Activity: Take the line that contains "ペンのイラスト - 種類いっぱい文房具のフリー素材" and each one after it through the last line below, and retype them exactly. Leave out the pictures.
Data for review Block Start
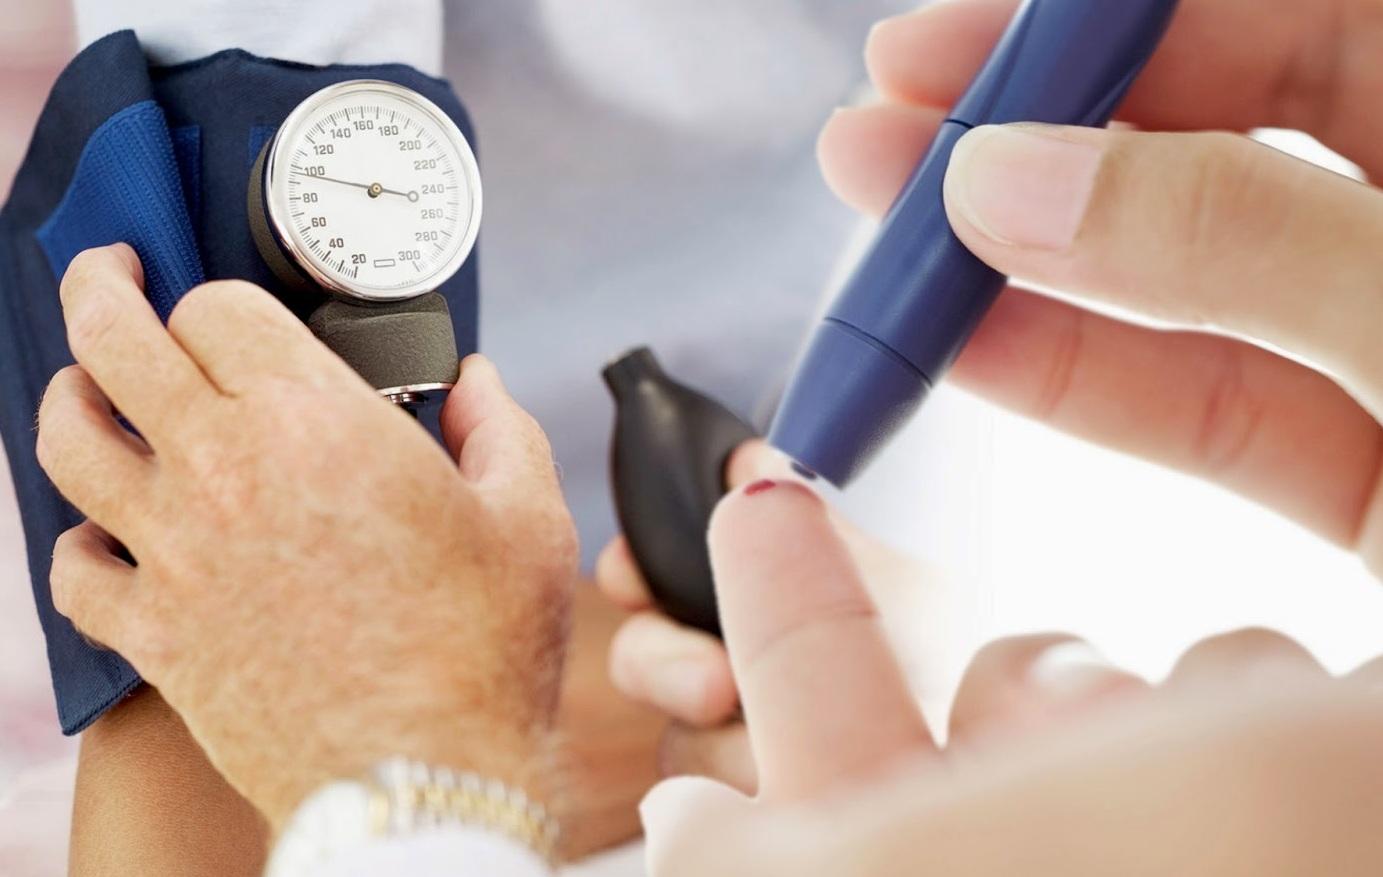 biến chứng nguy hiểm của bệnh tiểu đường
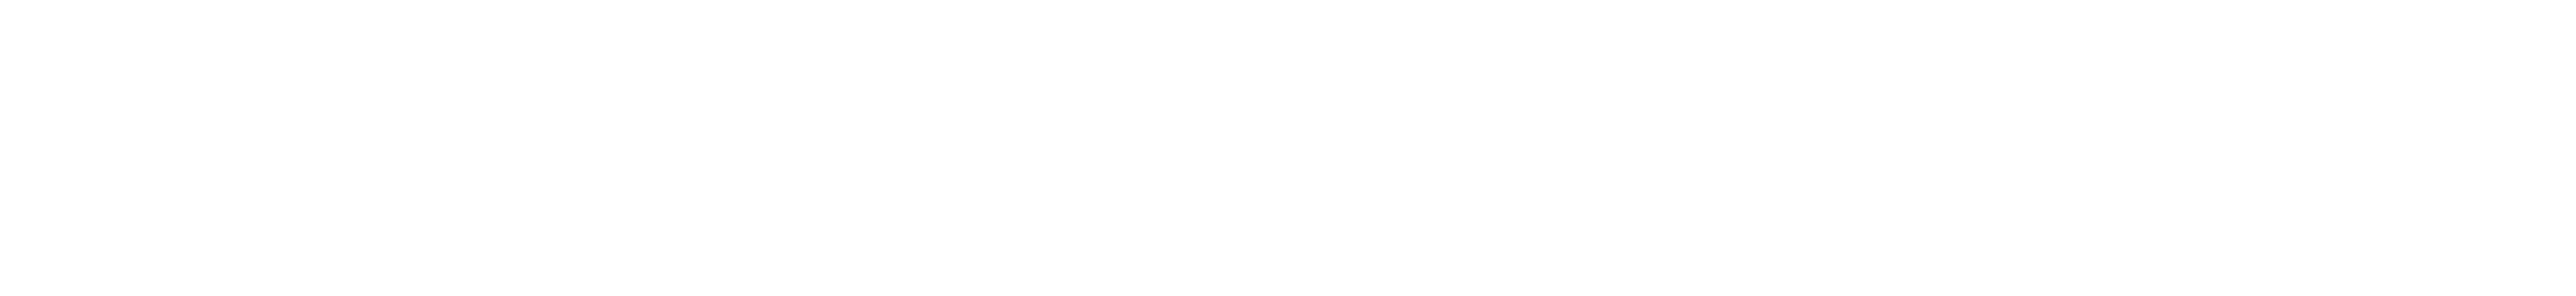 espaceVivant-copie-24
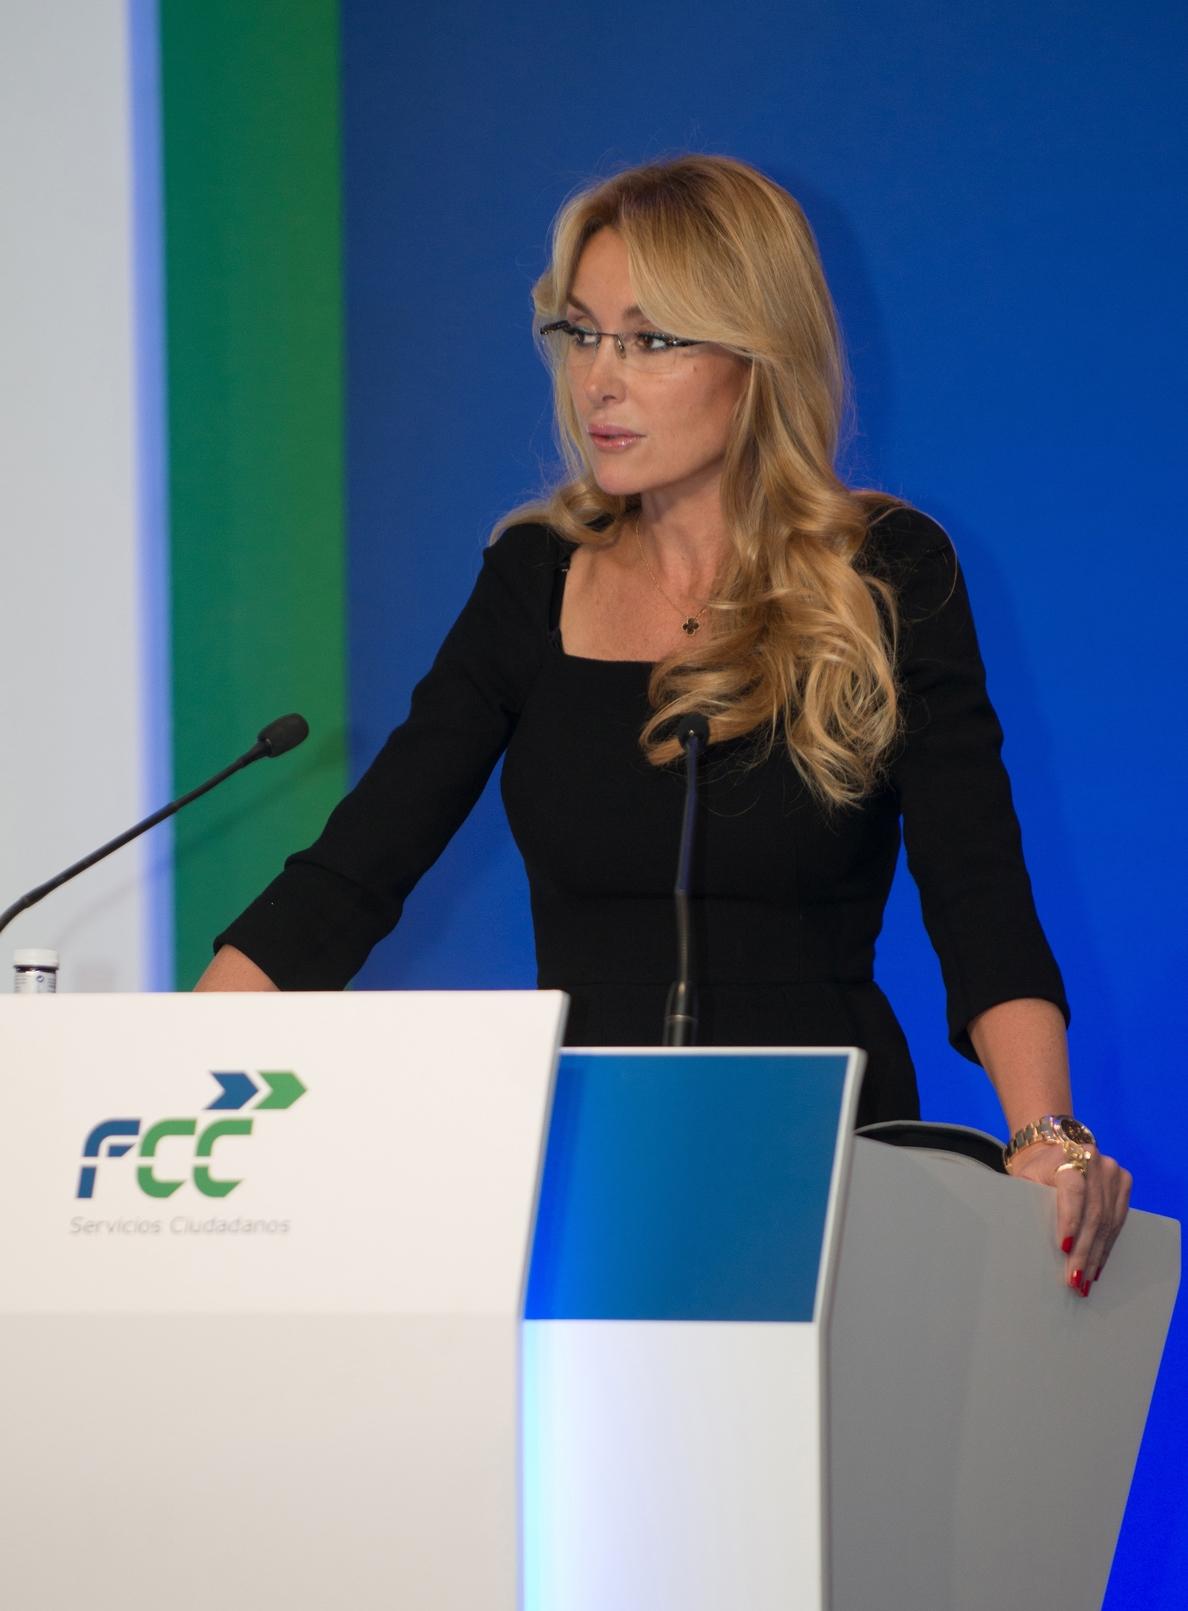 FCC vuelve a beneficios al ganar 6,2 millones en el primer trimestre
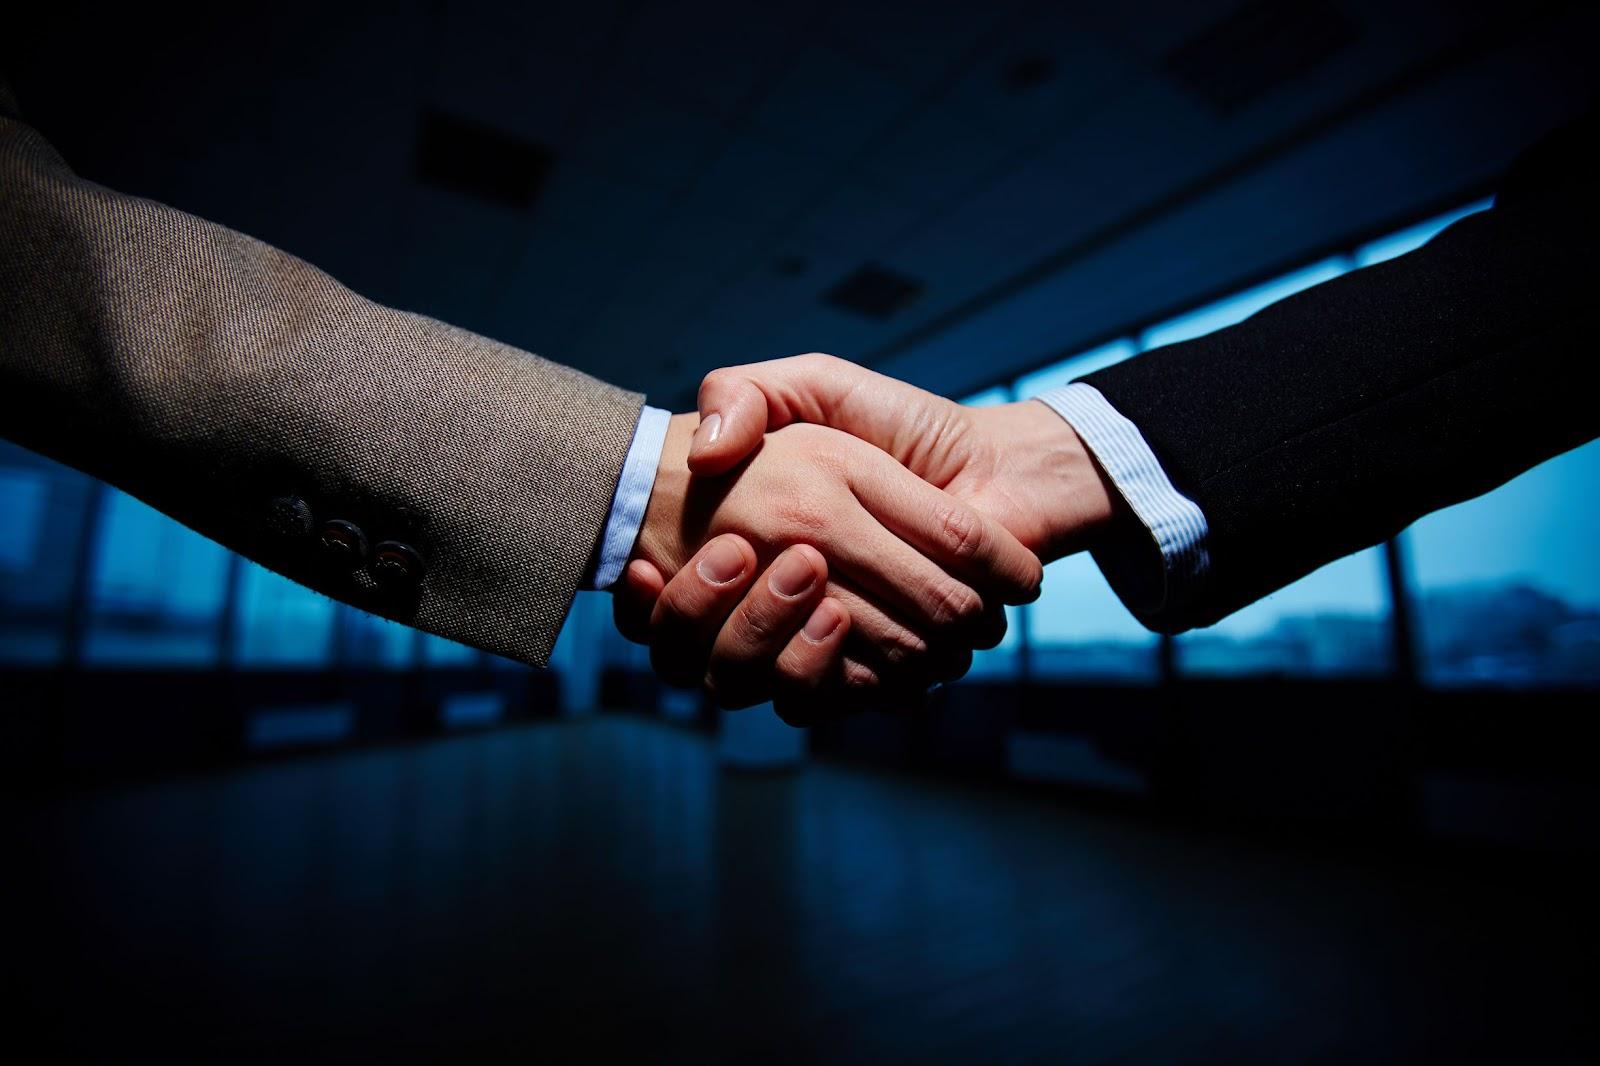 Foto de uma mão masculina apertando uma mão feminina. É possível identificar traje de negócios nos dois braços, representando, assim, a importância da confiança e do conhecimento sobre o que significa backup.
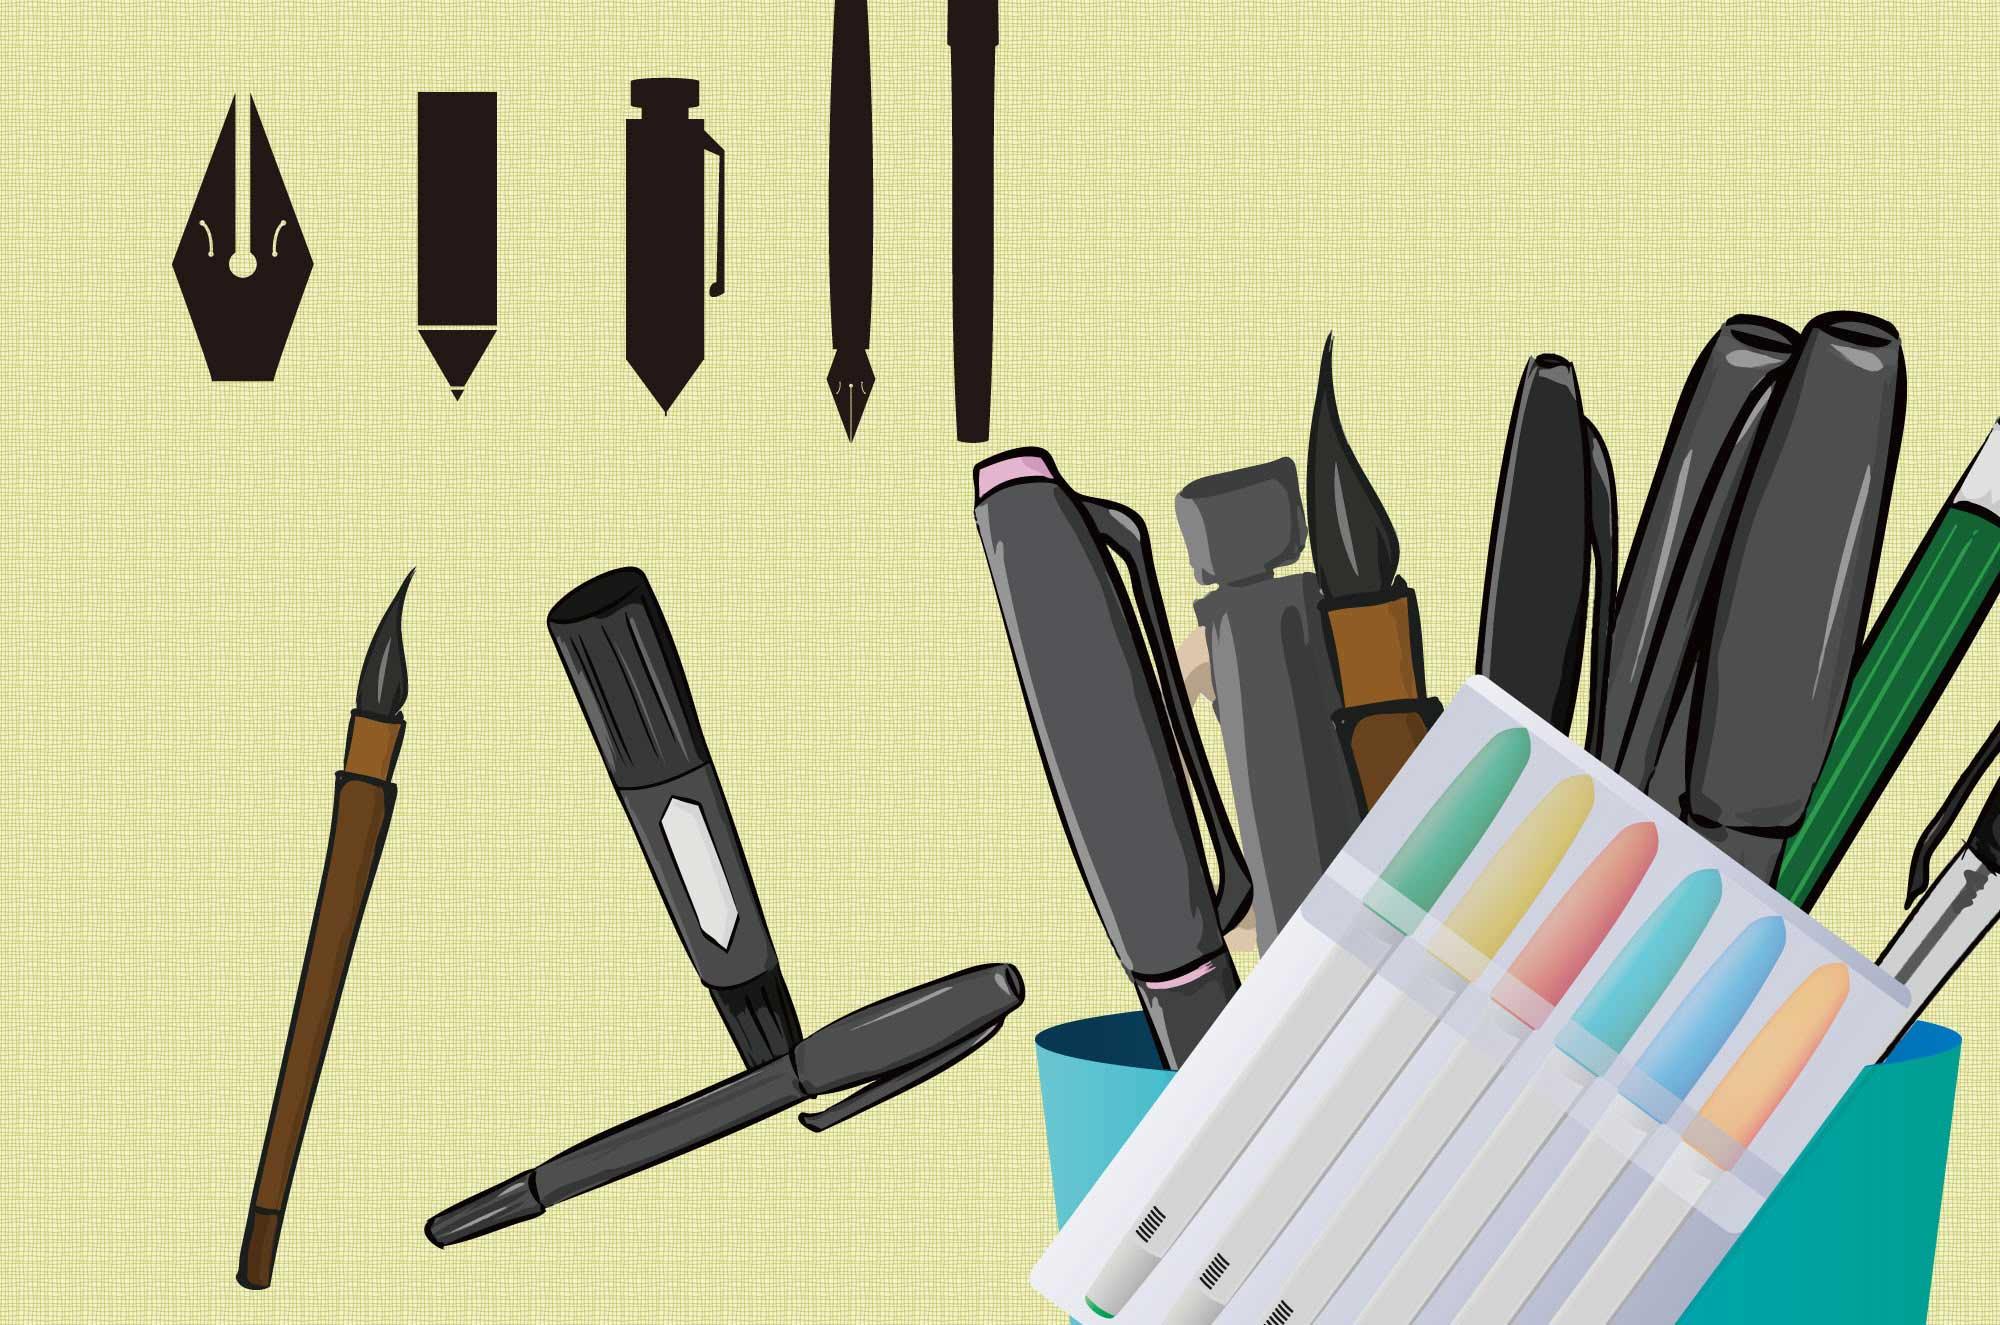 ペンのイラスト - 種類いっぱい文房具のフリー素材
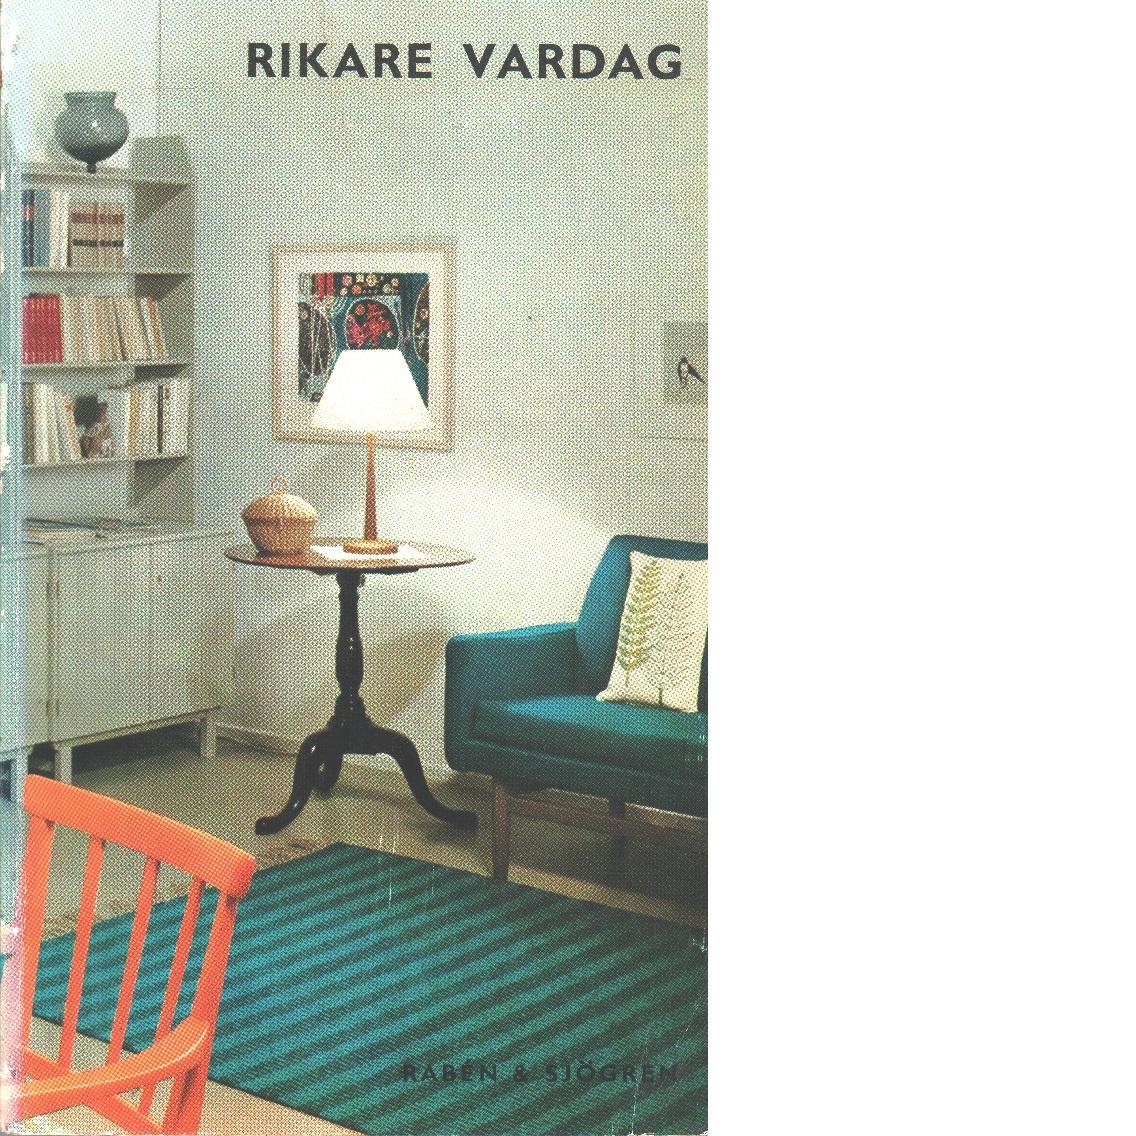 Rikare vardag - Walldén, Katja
Data for review Block End
Task solution:
 ペンのイラスト - 種類いっぱい文房具のフリー素材
 Rikare vardag - Walldén, Katja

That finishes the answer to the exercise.